但是有一个&#34;陷阱&#34;对于POS参数,pattern
库在字符串中不起作用:
pattern
现在我们找到了2个缺失的同义词。
问:pattern.en wordnet是否有限? 答:否。
>>> pwn.synsets('man', pos='n')
Traceback (most recent call last):
File "<stdin>", line 1, in <module>
File "/usr/local/lib/python2.7/dist-packages/pattern/text/en/wordnet/__init__.py", line 109, in synsets
raise TypeError, "part of speech must be NOUN, VERB, ADJECTIVE or ADVERB, not %s" % repr(pos)

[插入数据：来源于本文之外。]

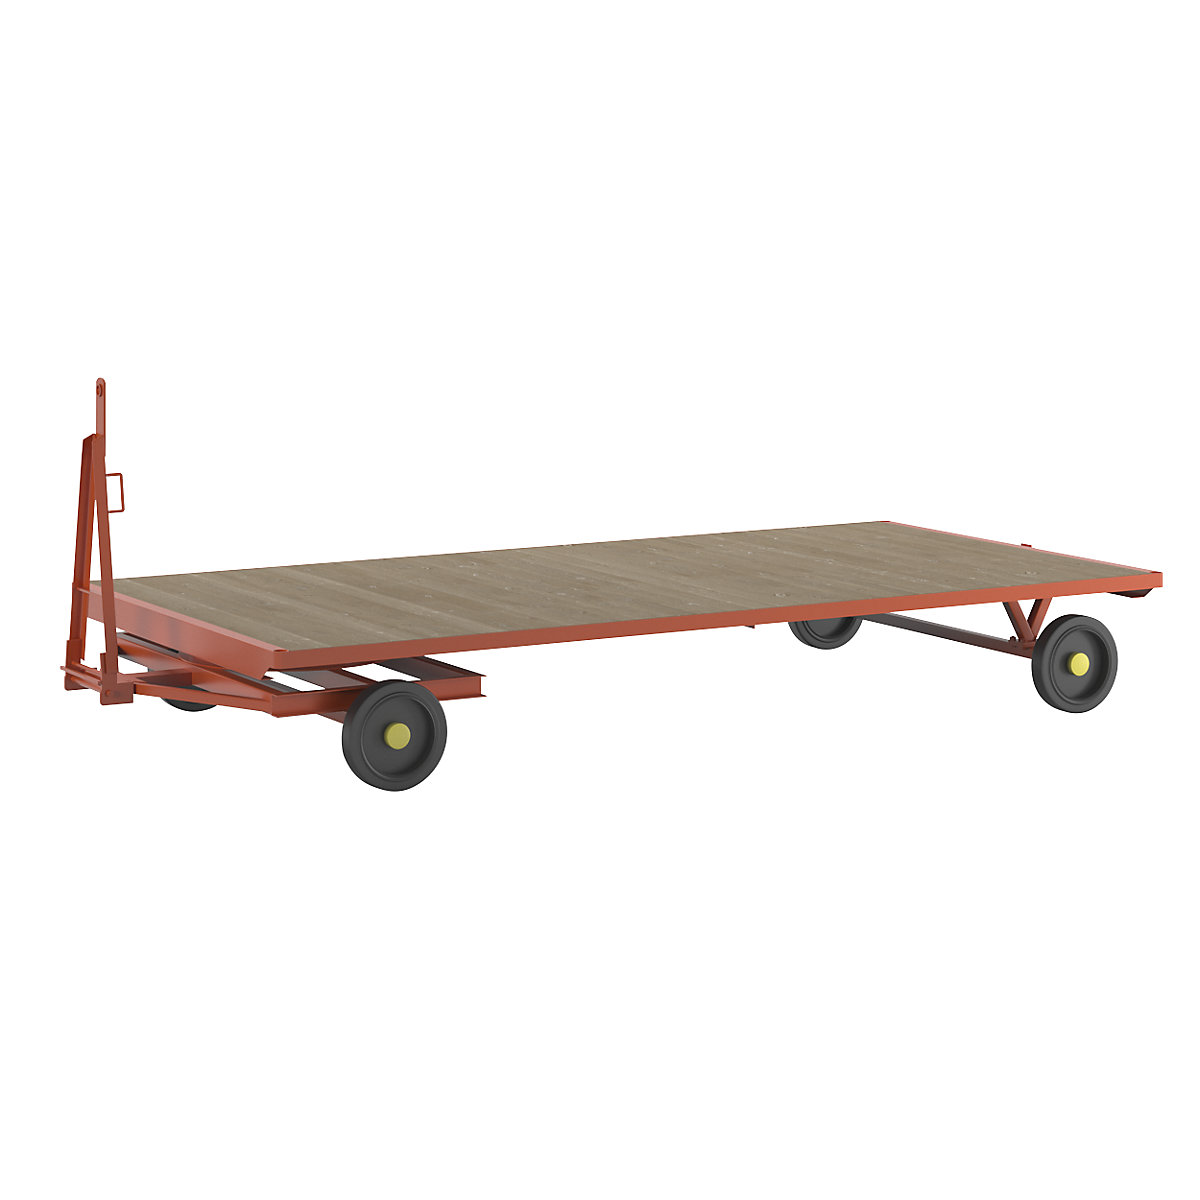 Trailer, 2-wheel turntable steering, max. load 2 t, platform 4.0 x 2.0 m, solid rubber tyres-12
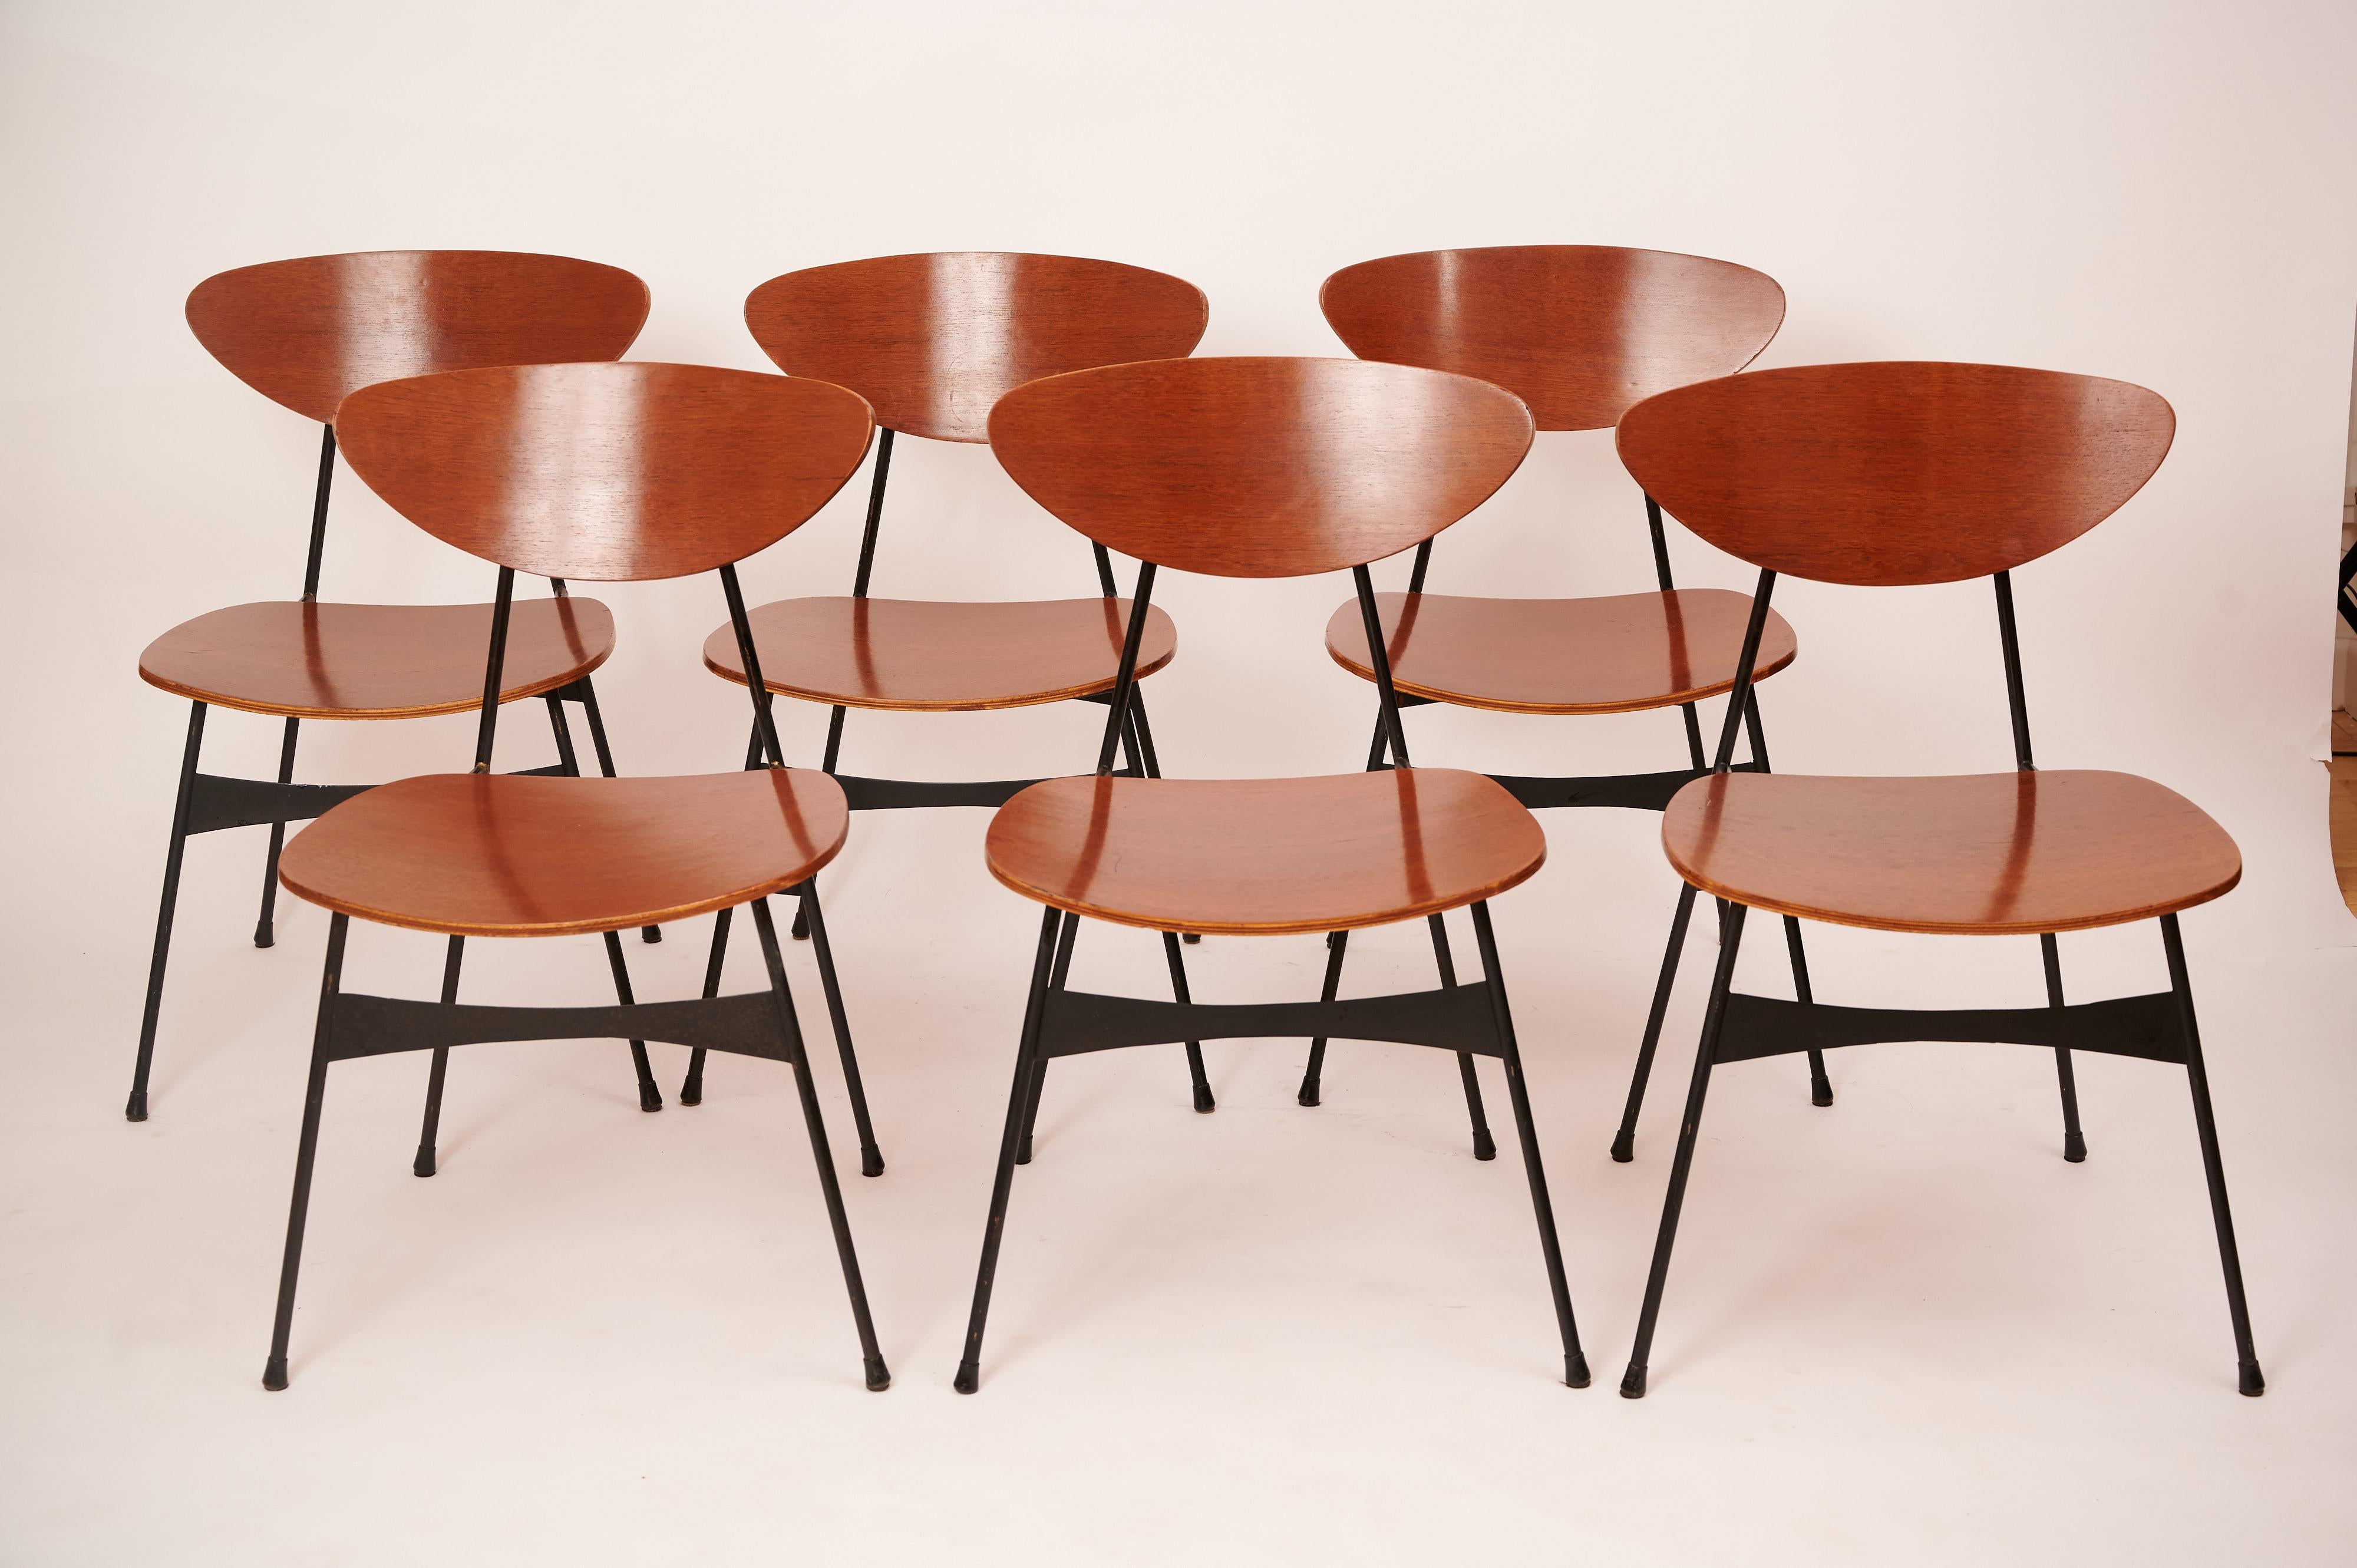 A set of six Italian plywood and black metal chairs.

TypeError: part of speech must be NOUN, VERB, ADJECTIVE or ADVERB, not 'n'
>>> pwn.synsets('man', pos='NOUN')
Traceback (most recent call last):
File "<stdin>", line 1, in <module>
File "/usr/local/lib/python2.7/dist-packages/pattern/text/en/wordnet/__init__.py", line 109, in synsets
raise TypeError, "part of speech must be NOUN, VERB, ADJECTIVE or ADVERB, not %s" % repr(pos)
TypeError: part of speech must be NOUN, VERB, ADJECTIVE or ADVERB, not 'noun'
>>> pwn.synsets('man', pos='nn')
[Synset(u'man'), Synset(u'serviceman'), Synset(u'man'), Synset(u'homo'), Synset(u'man'), Synset(u'man'), Synset(u'valet'), Synset(u'man'), Synset(u'Man'), Synset(u'man'), Synset(u'world')]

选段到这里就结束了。